_Given material_:
[Start of Attachment]

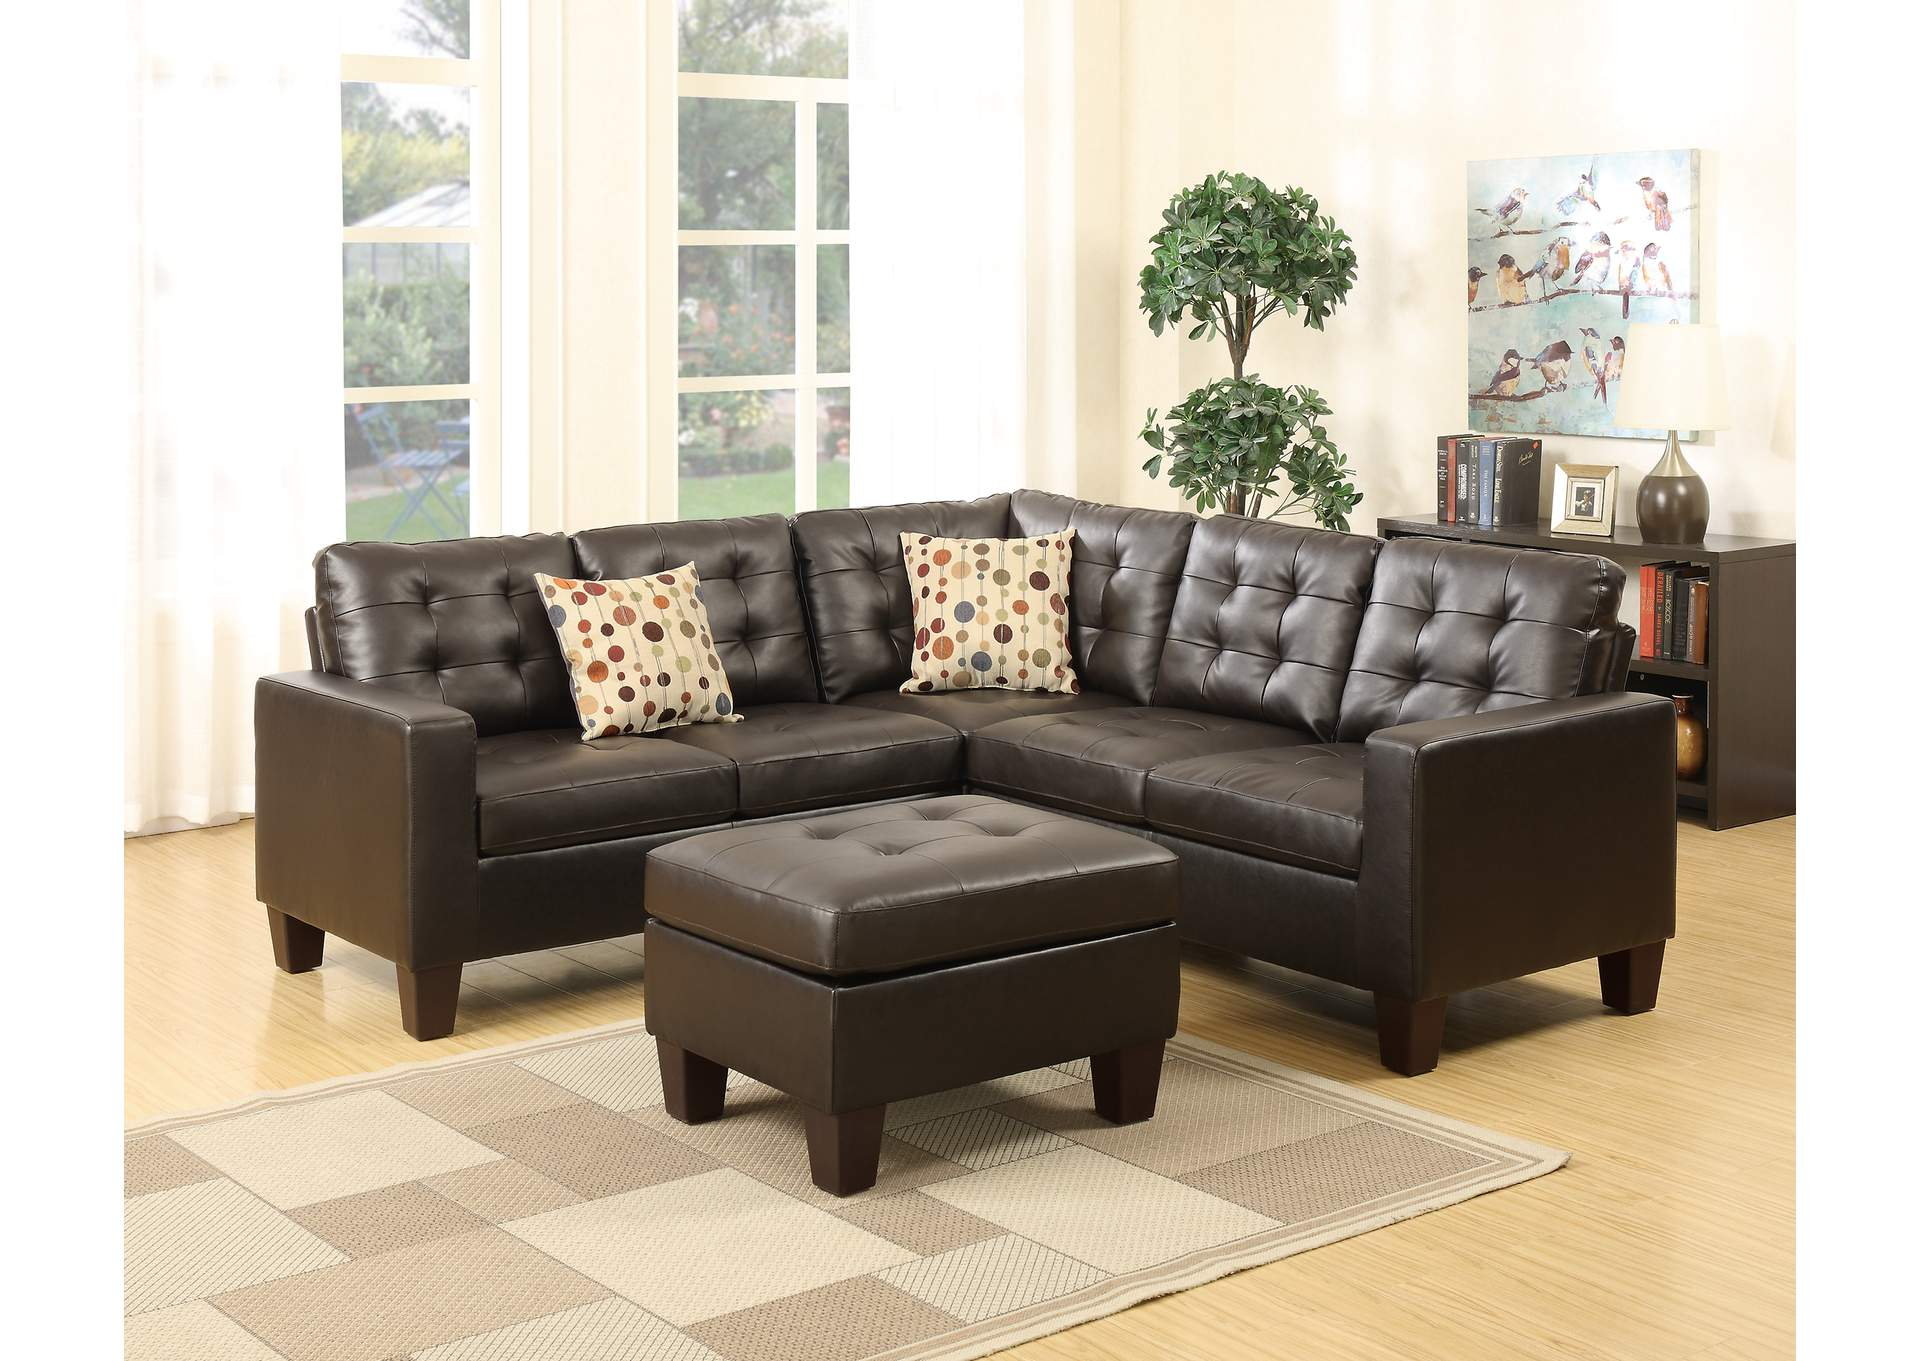 Bayit Furniture Carmine 2 Pc Sectional Sofa
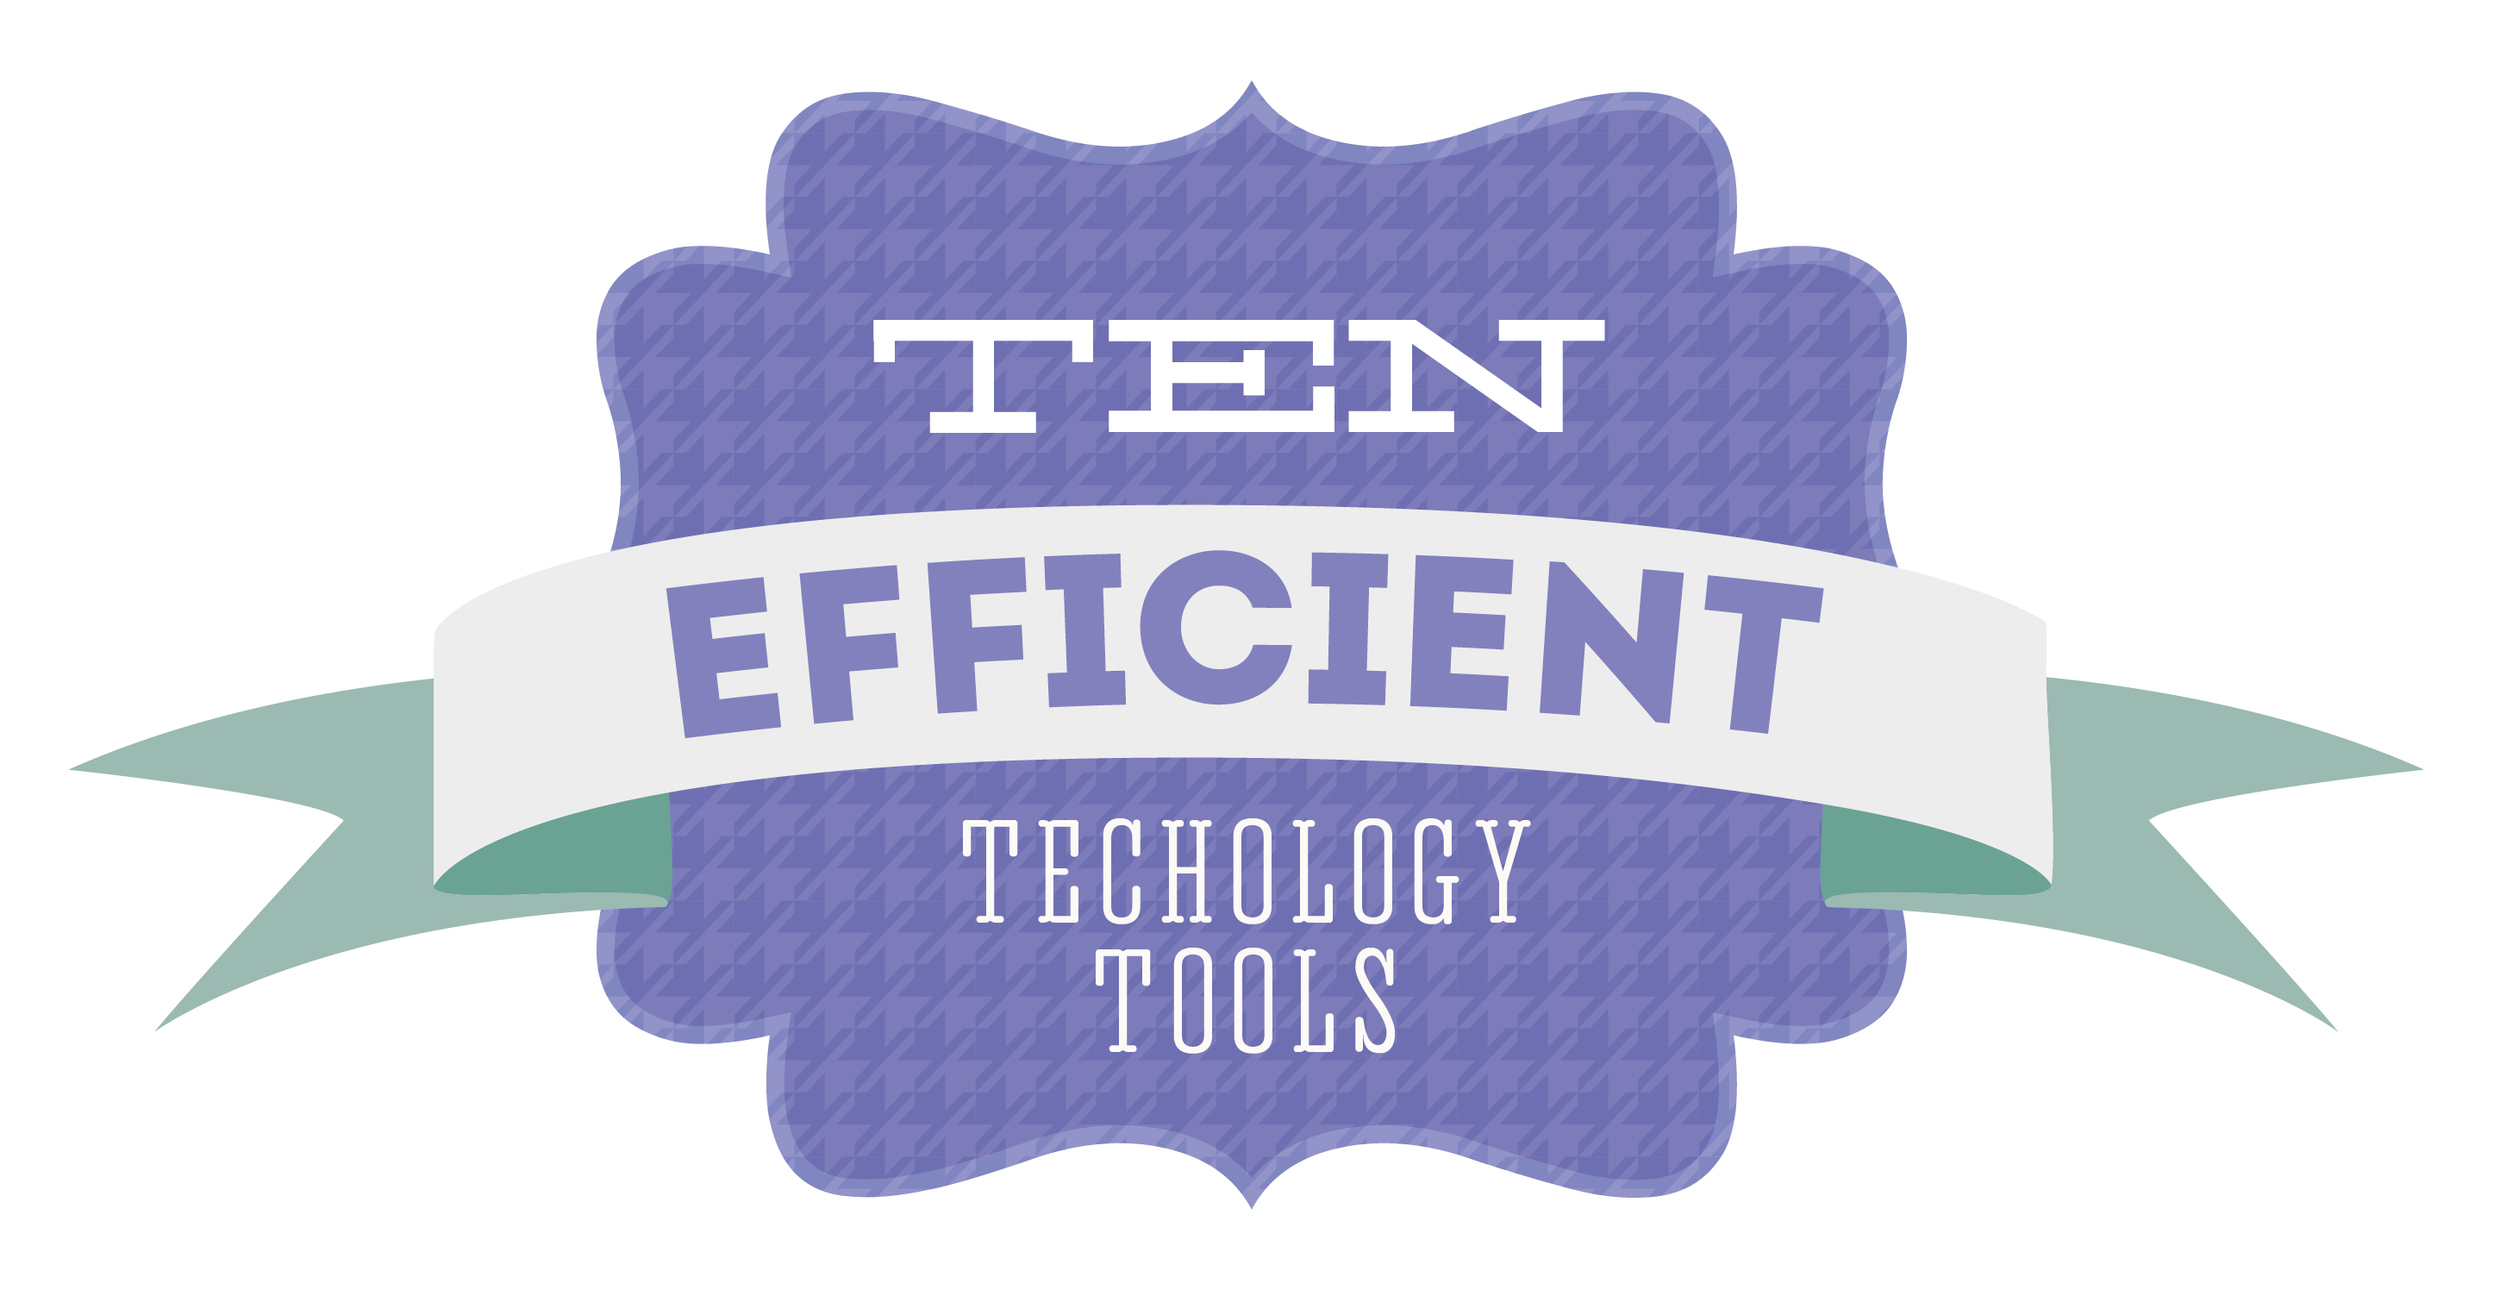 Ten Efficient Technology Tools
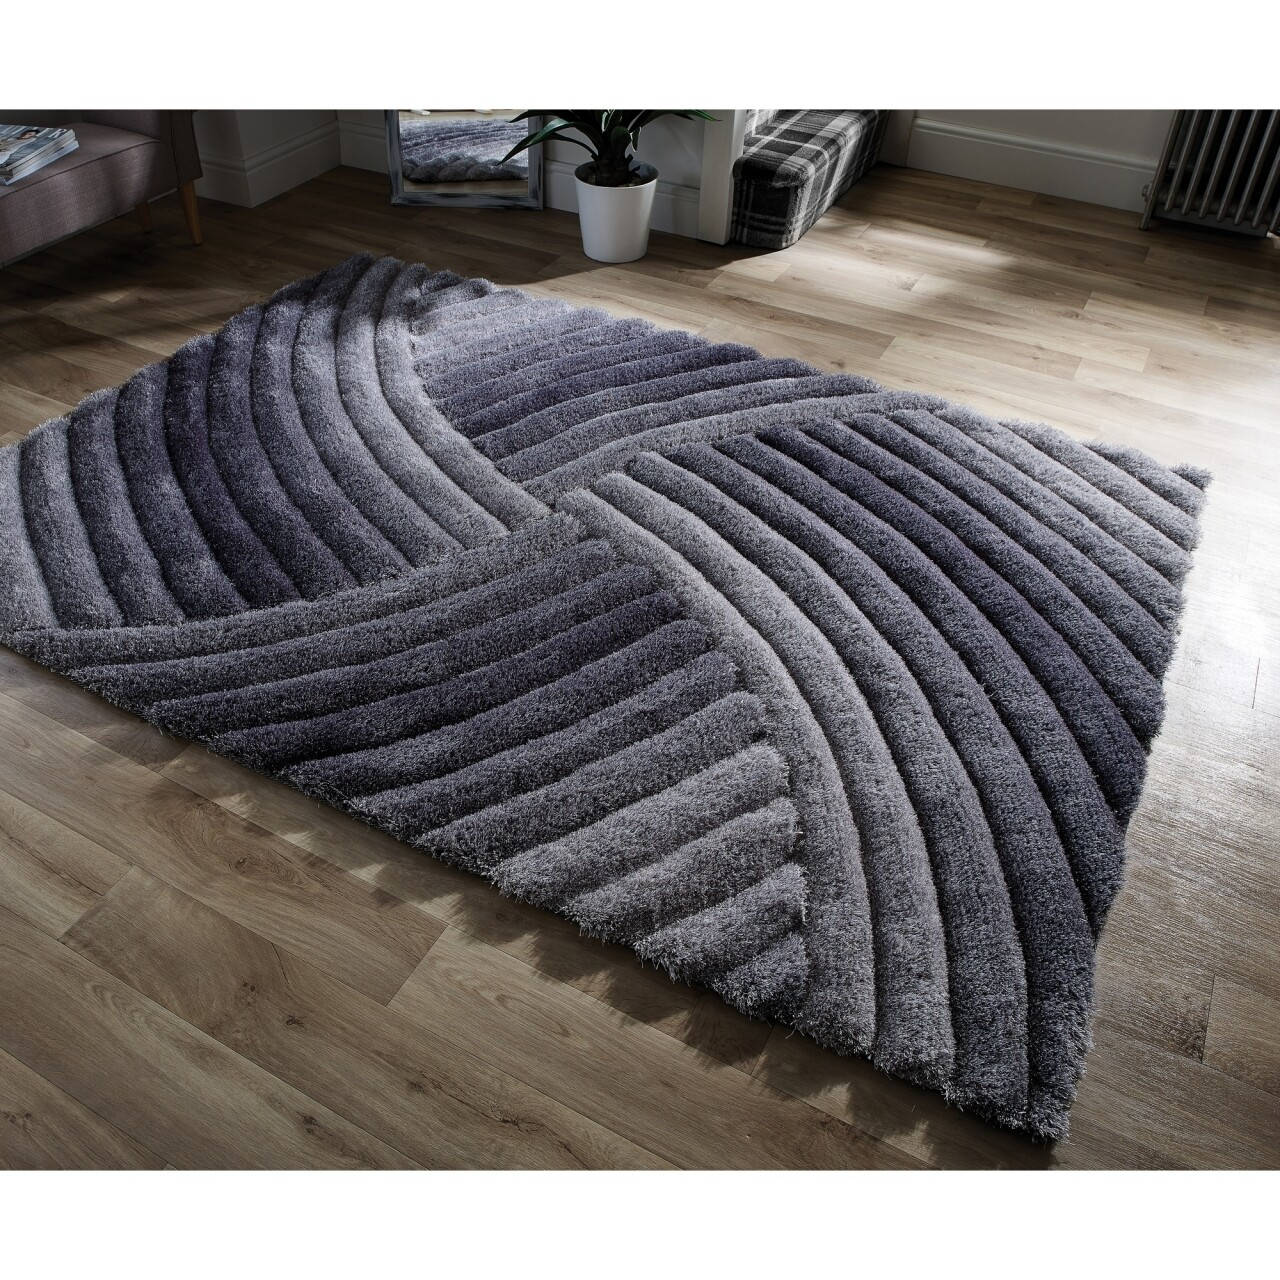 Covor Verge Furrow Grey 80X150 cm

[End of Attachment]

_Try it_:
Restrict the output to the lines from the one with "Ten Efficient Technology Tools" through the last line of the material above. Print them exactly, leaving out every picture.

_Worked solution_:
 Ten Efficient Technology Tools
 Covor Verge Furrow Grey 80X150 cm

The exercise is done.